Your RRSP Contribution Limit Calculation
Your RRSP contribution limit is the lesser of 18% of earned income in a given year to a maximum defined by CRA. There are several adjustments that may apply to your personal situation. Here is a simple example. Jane Doe has earned income of $50,000 for 2012. Her RRSP deduction limit is calculated by taking $50,000 and multiplying by 18% which equals $9,000.
The easiest way to check your limit is to look at your Canada Revenue Agency (CRA) Notice of Assessment.
You typically receive this sometime in May after filing your income tax return.

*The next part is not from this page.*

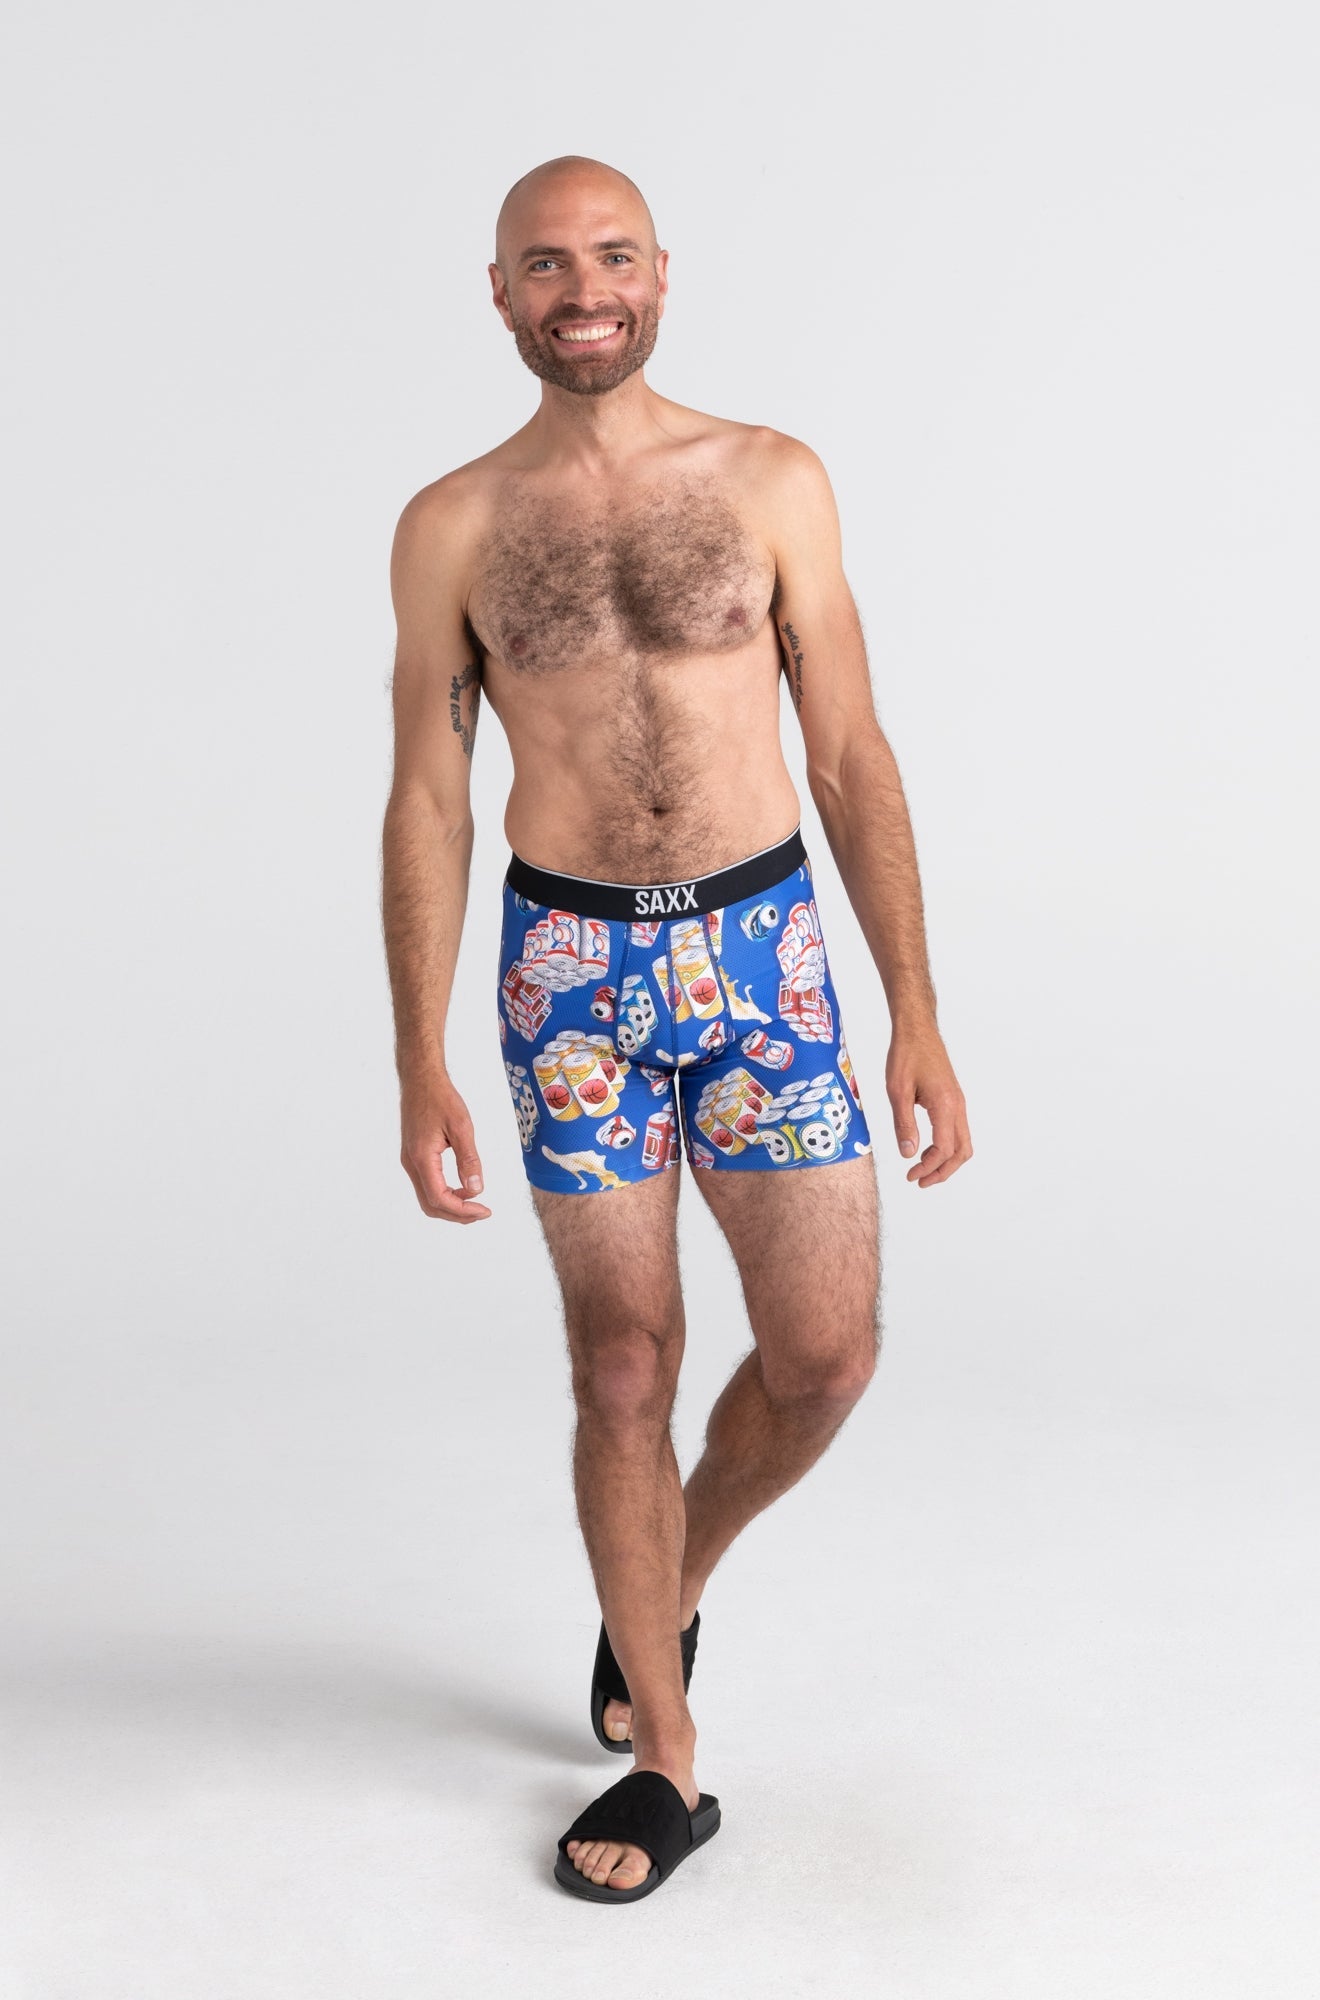 Sous-vêtement pour homme par Saxx | SXBB29 SPS | Machemise.ca, vêtements mode pour hommes

I have attached a sample of the CRA Notice of Assessment T451 for reference and placed a large green arrow pointing at the spot near the bottom of the page. It also has a large *(A) beside the value.
For more information on RRSP, visit the CRA site.
Probably the comment I hear most often from prospective clients, is that RRSP withdrawals are taxable when withdrawn. It seems to catch them off guard and I’ve actually heard them say that if they would have known, they never would have started an RRSP. So remember, an RRSP is simply a tax deferral method. You received a tax credit (tax refund) when you put money in the RRSP each year. The basic methodology for RRSPs is to contribute in years of high income earnings since your marginal tax rate (tax rate on the last dollar earned) is highest and then withdraw at a lower rate which is typically during retirement.
Don’t be dismayed if you can’t make the maximum contribution limit every year as it carries forward to the following year, so it’s not a use it or lose it tax planning method. The simplest method to contribute to an RRSP is to “dollar cost average (DCA)”. It’s simply an easier way, in my opinion) than making a lump sum at the end of February each year.